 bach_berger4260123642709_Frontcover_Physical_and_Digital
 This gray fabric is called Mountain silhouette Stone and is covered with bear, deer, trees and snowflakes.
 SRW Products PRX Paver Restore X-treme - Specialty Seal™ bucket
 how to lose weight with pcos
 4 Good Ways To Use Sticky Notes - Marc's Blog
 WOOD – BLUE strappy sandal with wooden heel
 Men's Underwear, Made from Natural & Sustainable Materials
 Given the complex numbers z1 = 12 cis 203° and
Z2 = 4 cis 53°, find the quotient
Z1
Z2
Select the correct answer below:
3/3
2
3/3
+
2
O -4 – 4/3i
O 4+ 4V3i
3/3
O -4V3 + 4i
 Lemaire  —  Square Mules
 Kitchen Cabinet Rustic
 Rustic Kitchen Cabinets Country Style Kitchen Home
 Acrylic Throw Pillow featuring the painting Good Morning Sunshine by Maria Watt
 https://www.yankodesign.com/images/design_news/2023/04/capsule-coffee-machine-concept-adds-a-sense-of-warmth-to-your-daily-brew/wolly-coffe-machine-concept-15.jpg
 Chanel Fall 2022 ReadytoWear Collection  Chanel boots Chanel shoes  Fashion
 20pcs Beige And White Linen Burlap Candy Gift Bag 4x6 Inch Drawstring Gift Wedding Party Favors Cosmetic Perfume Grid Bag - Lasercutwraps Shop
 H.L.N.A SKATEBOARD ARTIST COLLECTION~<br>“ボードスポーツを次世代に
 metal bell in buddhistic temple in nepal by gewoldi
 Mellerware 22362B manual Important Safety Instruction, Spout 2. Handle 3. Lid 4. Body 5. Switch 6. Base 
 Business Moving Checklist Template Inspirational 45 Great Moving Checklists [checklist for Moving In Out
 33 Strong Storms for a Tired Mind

□ □ □ □ □

## Goal of the exercise
Preserving every character, copy the records above out again.

## Task result
 bach_berger4260123642709_Frontcover_Physical_and_Digital
 This gray fabric is called Mountain silhouette Stone and is covered with bear, deer, trees and snowflakes.
 SRW Products PRX Paver Restore X-treme - Specialty Seal™ bucket
 how to lose weight with pcos
 4 Good Ways To Use Sticky Notes - Marc's Blog
 WOOD – BLUE strappy sandal with wooden heel
 Men's Underwear, Made from Natural & Sustainable Materials
 Given the complex numbers z1 = 12 cis 203° and
Z2 = 4 cis 53°, find the quotient
Z1
Z2
Select the correct answer below:
3/3
2
3/3
+
2
O -4 – 4/3i
O 4+ 4V3i
3/3
O -4V3 + 4i
 Lemaire  —  Square Mules
 Kitchen Cabinet Rustic
 Rustic Kitchen Cabinets Country Style Kitchen Home
 Acrylic Throw Pillow featuring the painting Good Morning Sunshine by Maria Watt
 https://www.yankodesign.com/images/design_news/2023/04/capsule-coffee-machine-concept-adds-a-sense-of-warmth-to-your-daily-brew/wolly-coffe-machine-concept-15.jpg
 Chanel Fall 2022 ReadytoWear Collection  Chanel boots Chanel shoes  Fashion
 20pcs Beige And White Linen Burlap Candy Gift Bag 4x6 Inch Drawstring Gift Wedding Party Favors Cosmetic Perfume Grid Bag - Lasercutwraps Shop
 H.L.N.A SKATEBOARD ARTIST COLLECTION~<br>“ボードスポーツを次世代に
 metal bell in buddhistic temple in nepal by gewoldi
 Mellerware 22362B manual Important Safety Instruction, Spout 2. Handle 3. Lid 4. Body 5. Switch 6. Base 
 Business Moving Checklist Template Inspirational 45 Great Moving Checklists [checklist for Moving In Out
 33 Strong Storms for a Tired Mind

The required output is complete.